EXTRACTED DATA section start

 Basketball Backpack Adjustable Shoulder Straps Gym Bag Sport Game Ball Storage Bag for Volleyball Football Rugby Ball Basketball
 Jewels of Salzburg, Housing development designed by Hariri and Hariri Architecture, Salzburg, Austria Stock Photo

EXTRACTED DATA section end
EXTRACTED DATA section start

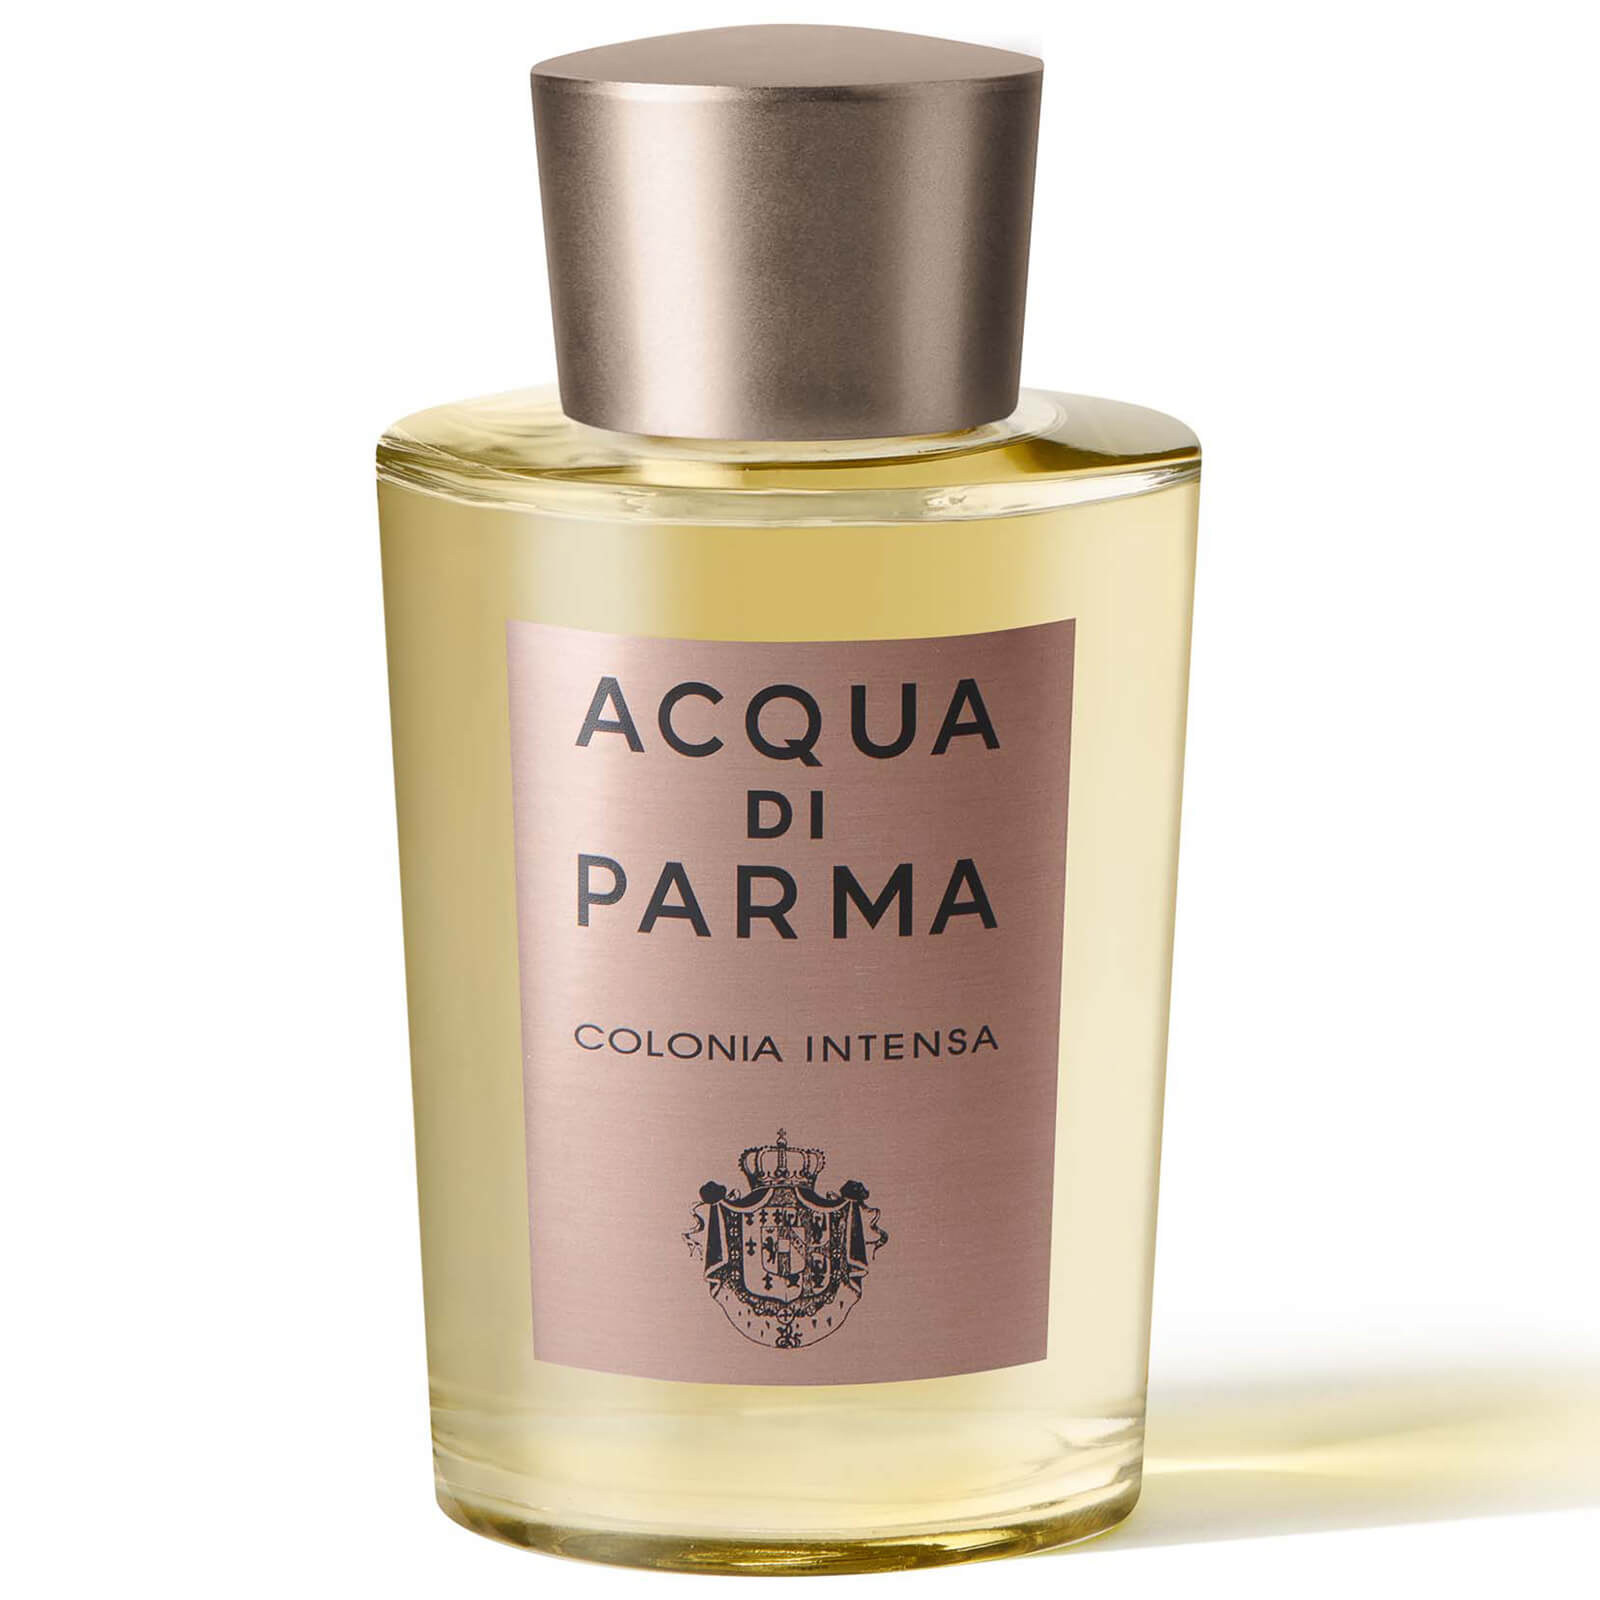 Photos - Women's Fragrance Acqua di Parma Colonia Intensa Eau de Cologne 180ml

EXTRACTED DATA section end

- YOUR GOAL
In the listing above, find the line with "Basketball Backpack Adjustable" and the line with "Jewels of Salzburg, Housing". Output those two lines and every line between them, exactly as written.

- FINISHED EXERCISE
 Basketball Backpack Adjustable Shoulder Straps Gym Bag Sport Game Ball Storage Bag for Volleyball Football Rugby Ball Basketball
 Jewels of Salzburg, Housing development designed by Hariri and Hariri Architecture, Salzburg, Austria Stock Photo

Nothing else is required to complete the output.